Search code examples
c++shared-librariesundefined-referencepartial-specializationtemplate-instantiation

Shared Library: Undefined Reference with Partial Template Specialization and Explicit Template Instantiation


Say, there is a third-party library that has the following in a header file:

foo.h:

namespace tpl {
template <class T, class Enable = void>
struct foo {
  static void bar(T const&) {
    // Default implementation...
  };
};
}

In the interface of my own library, I'm supposed to provide partial specialization of this foo for my own type(s). So, let's say I have:

xxx.h:

# include <foo.h>

namespace ml {
struct ML_GLOBAL xxx {
  // Whatever...
};
}

namespace tpl {
template <>
struct ML_GLOBAL foo<::ml::xxx> {
  static void bar(::ml::xxx const&);
};
}

where ML_GLOBAL is a compiler-specific visibility attribute to ensure that the symbols are available for dynamic linkage (that is by default my build system hides all of the symbols in the produced shared library).

Now, I don't want to disclose my implementation of bar, so I employ explicit template instantiation:

xxx.cpp:

# include "xxx.h"

namespace tpl {
void foo<::ml::xxx>::bar(::ml::xxx const&) {
  // My implementation...
}

extern template struct foo<::ml::xxx>;
}

When the time comes to actually use this tpl::foo<::ml::xxx>::bar function in some consumer application (where my shared library is linked as well), I get the undefined reference error to the tpl::foo<::ml::xxx, void>::bar symbol. And indeed, running nm -CD on the produced shared library shows no trace of tpl::foo<::ml::xxx, void> symbol.

What I've tried so far, were different combinations on where to put ML_GLOBAL (e.g. on explicit template instantiation itself, about what GCC clearly complains unlike Clang) and with/without the second template argument void.
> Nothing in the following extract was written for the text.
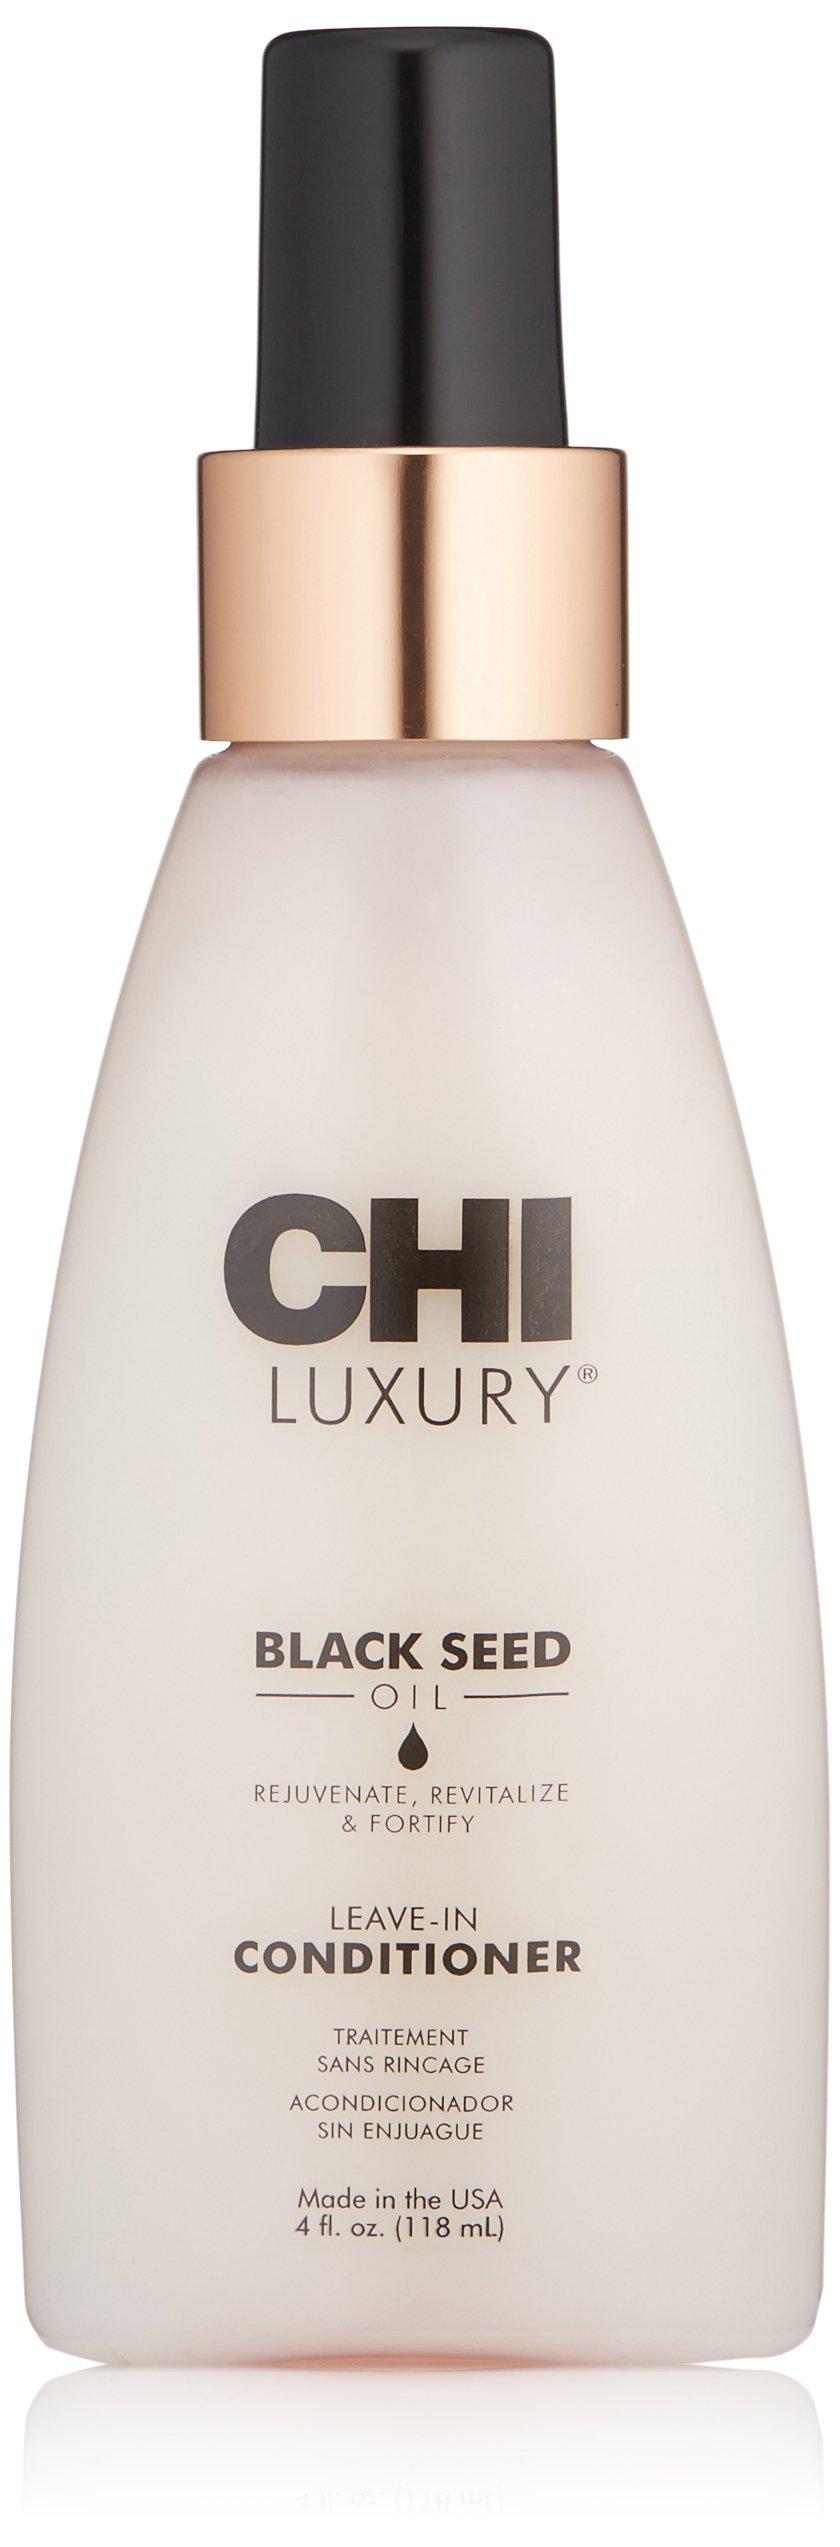 Amazon com: CHI Luxury Black Seed Oil Moisture Replenish

The question is whether this is related to the fact that the original definition has no visibility attribute (ML_GLOBAL) attached by virtue of coming from a third-party library or did I actually miss something here? If I didn't miss anything, then am I really forced to expose my implementation in such a scenario ? [... *cough* looks more like a compiler deficiency to be honest *cough* ...]


Solution

  • It turned out to be a false alarm. Nevertheless, this catch took me a couple of hours to finally remember why this symbol might be invisible to consumers. It's really trivial but I feel like posting it here for future visitors who happen to have the same setup. Basically, if you use either a linker script [1] or a (pure) version script [2] (specified with the --version-script linker option), then don't forget to set global visibility for those tpl::foo* third-party-based symbols (or whichever they are in your case). In my case, I originally had the following:

    {
    global:
      extern "C++" {
        ml::*;
        typeinfo*for?ml::*;
        vtable*for?ml::*;
      };
    
    local:
      extern "C++" {
        *;
      };
    };
    

    what I clearly had to change to

    {
    global:
      extern "C++" {
        tpl::foo*;
        ml::*;
        typeinfo*for?ml::*;
        vtable*for?ml::*;
      };
    
    local:
      extern "C++" {
        *;
      };
    };
    

    in order to link everything properly and get the expected result.

    Hope this helps and regards.

    BONUS


    A curious reader could ask though, "Why the hell are you combining explicit visibility attributes and a linker/version script to control visibility of symbols when there are already the -fvisibility=hidden and -fvisibility-inlines-hidden options which are supposed to do just that?".

    The answer is that they of course do, and I indeed do use them to build my shared libraries. However, there is one catch. It is a common practice to link some internal libraries (privately) used by your shared library statically (into that library), primarily in order to completely conceal such dependencies (keep in mind, though, that header files accompanying your shared library should also be properly designed to implement this). The benefits are clear: clean and controllable ABI and reduced compile times for shared library consumers.

    Take for example, Boost, as the most widespread candidate for such a use case. Encapsulating all of the heavily templated code from Boost privately into your shared library and eliminating any Boost symbols from the ABI will greatly reduce interface pollution and compile times of your shared library consumers, not including the fact that your software components will also look professionally developed.

    Anyway, to the point, it turns out that unless those static libraries that you want to link into your shared library were themselves also built with the -fvisibility=hidden and -fvisibility-inlines-hidden options (what would be a ridiculous expectation as nobody is going to distribute static libraries with hidden interface symbols by default as it defeats their purpose), their symbols will inevitably still be visible (for instance, through nm -CD <shared-library>) regardless of the fact that you're building the shared library itself with those options. That is, in this case, you have two options to resolve it:

    1. Manually rebuild those static libraries (your shared library dependencies) with the -fvisibility=hidden and -fvisibility-inlines-hidden options, what is clearly not always possible/practical given their potential third-party origin.
    2. Use linker/version script (like it is done above) to supply at link time in order to instruct linker to forcefully export/hide proper symbols from your shared library.